DATA EXCERPTS >>
=======

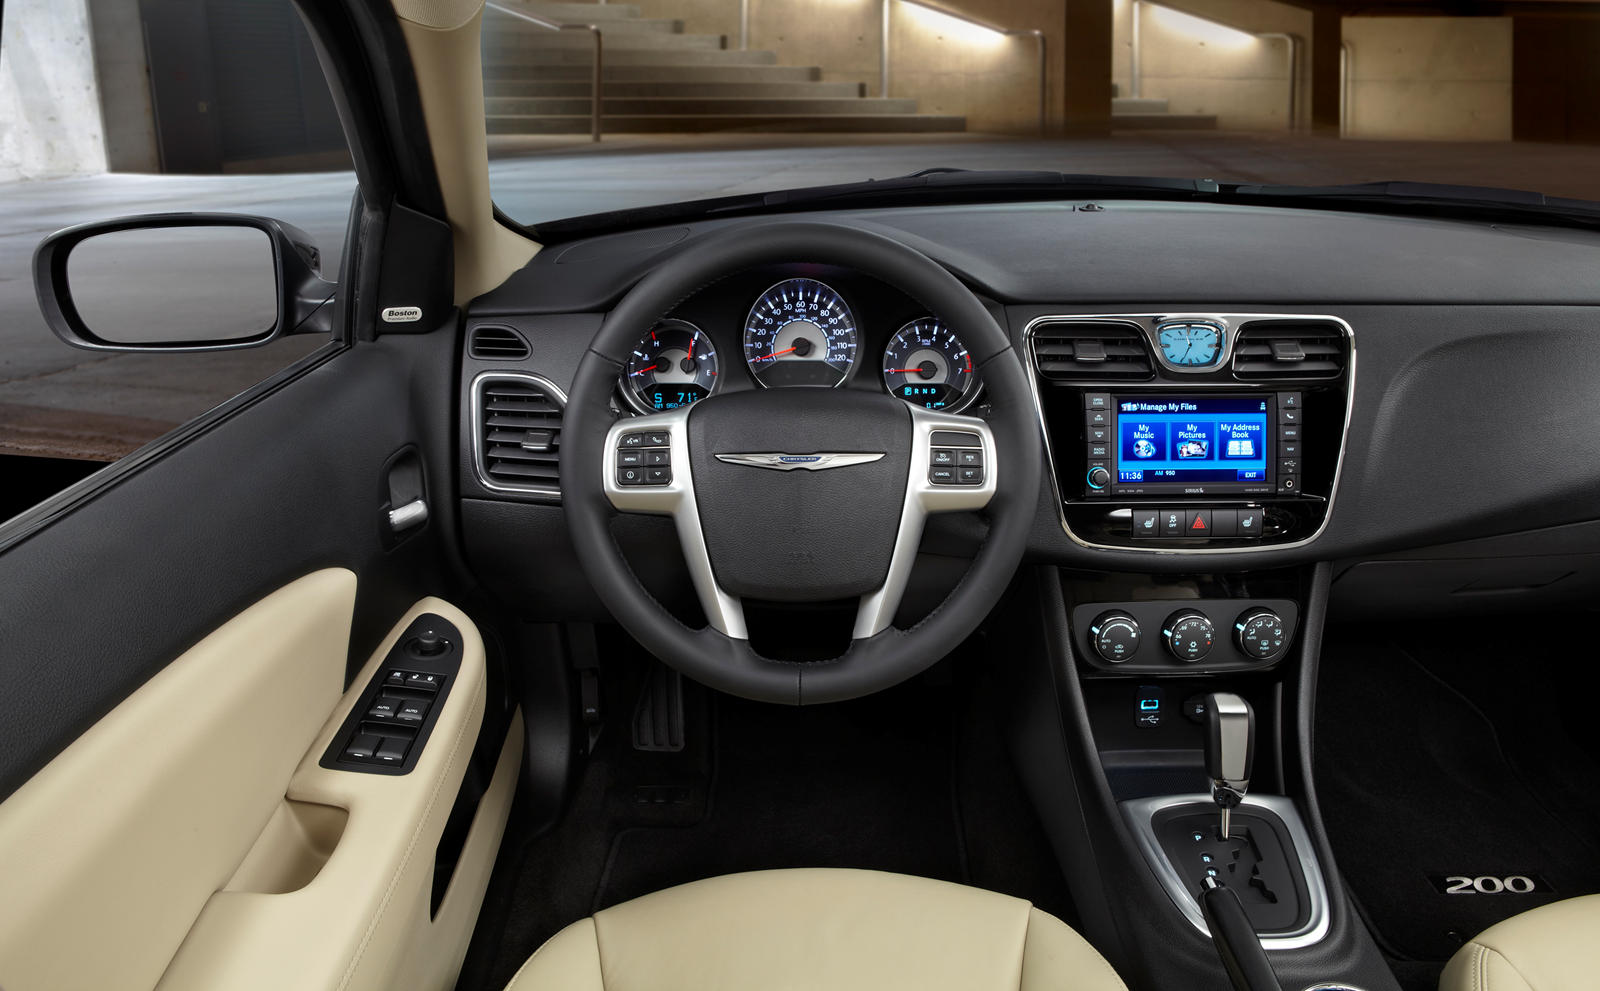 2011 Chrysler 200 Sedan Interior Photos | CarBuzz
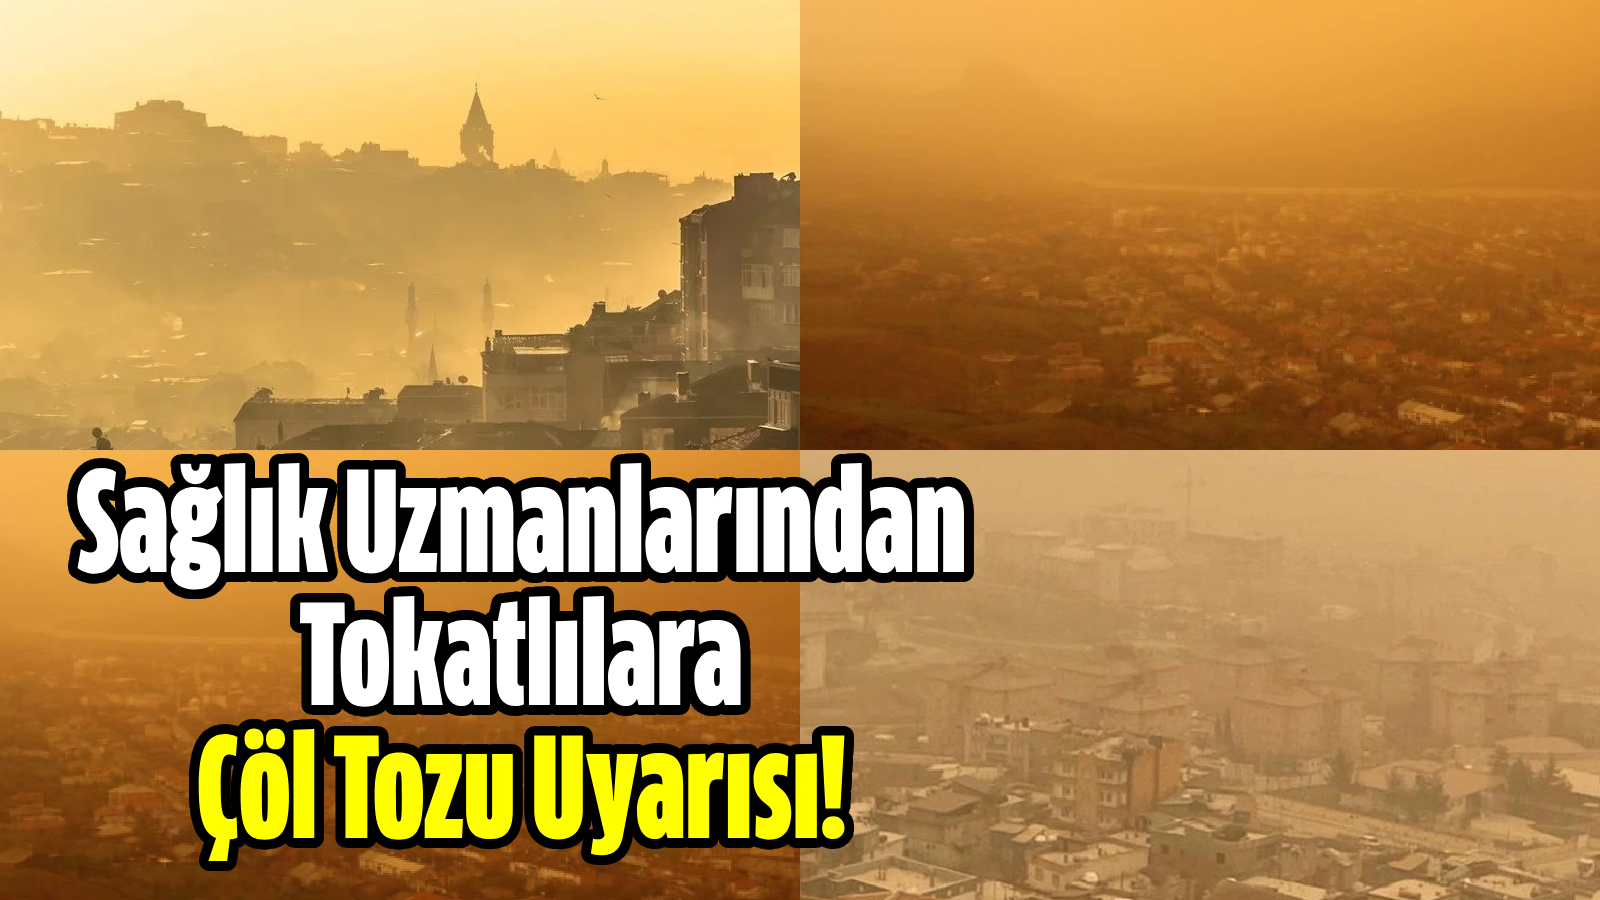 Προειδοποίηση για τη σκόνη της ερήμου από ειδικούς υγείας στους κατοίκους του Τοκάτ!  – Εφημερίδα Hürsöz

=======

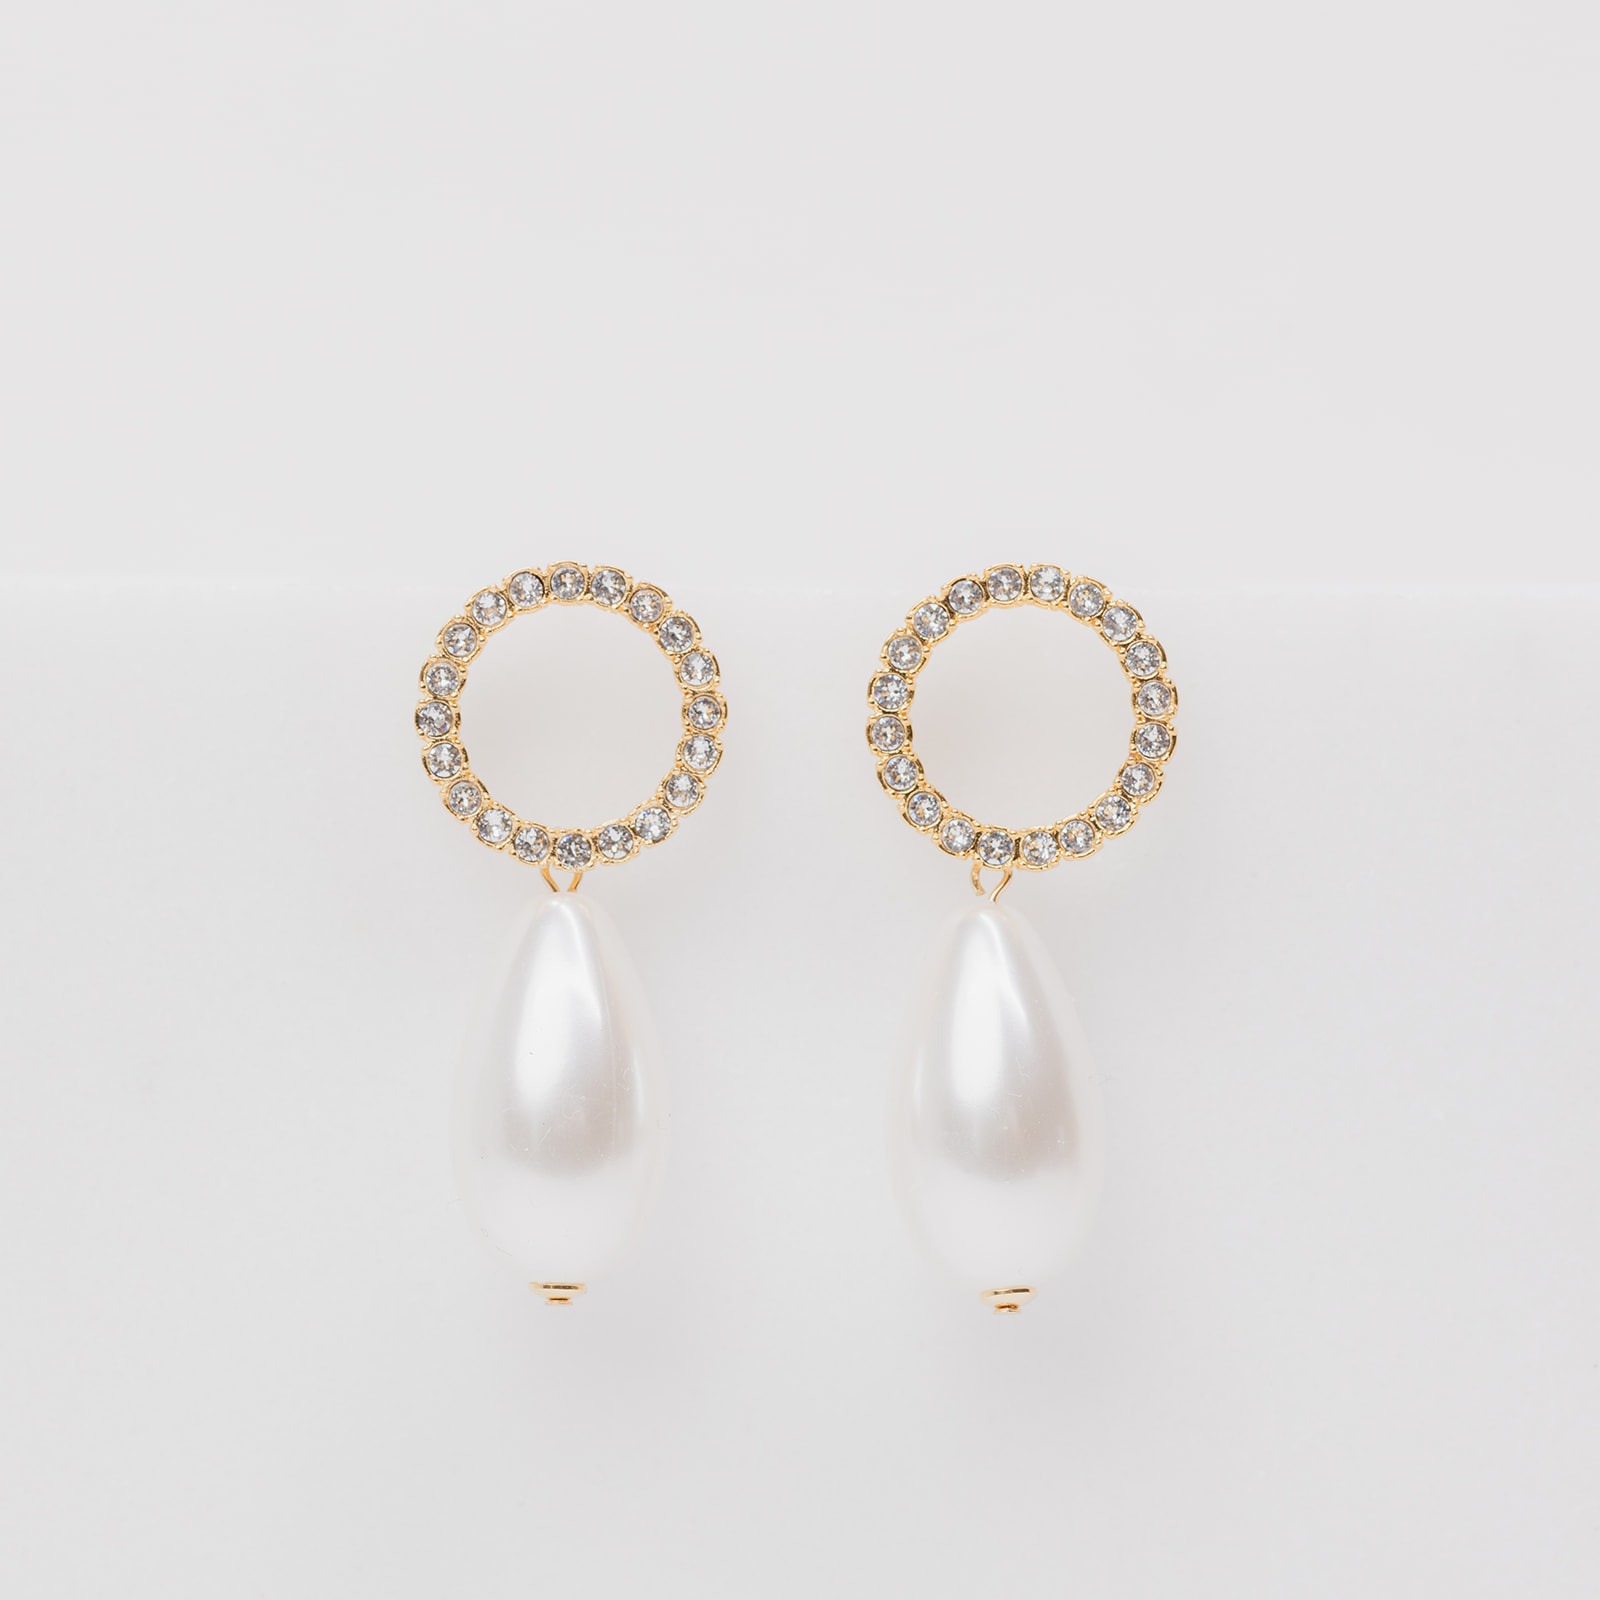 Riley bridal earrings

=======

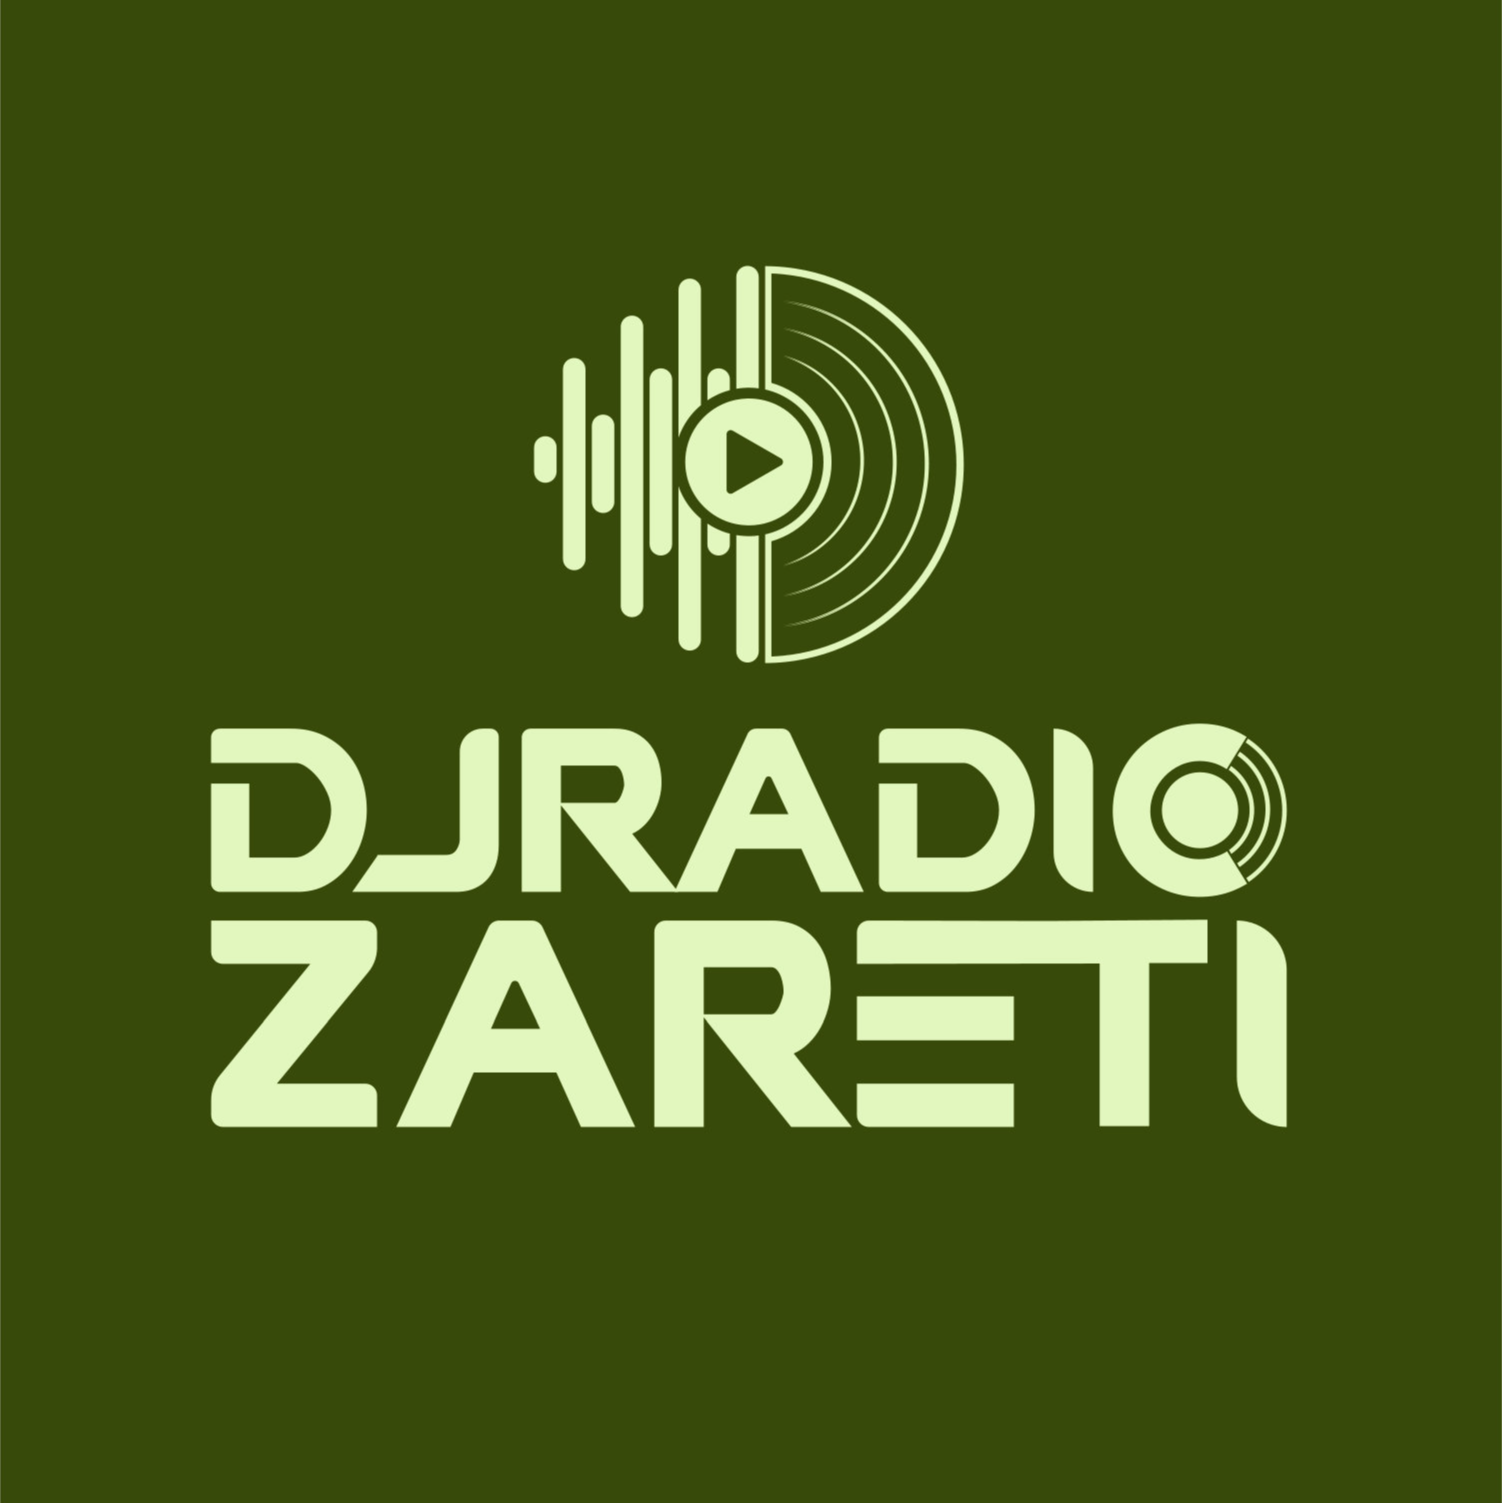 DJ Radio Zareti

=======

Transcribe only this stretch of the data: the line with "2011 Chrysler 200", the line with "Προειδοποίηση για τη", and every line in between. Leave out the pictures.

 2011 Chrysler 200 Sedan Interior Photos | CarBuzz
 Προειδοποίηση για τη σκόνη της ερήμου από ειδικούς υγείας στους κατοίκους του Τοκάτ!  – Εφημερίδα Hürsöz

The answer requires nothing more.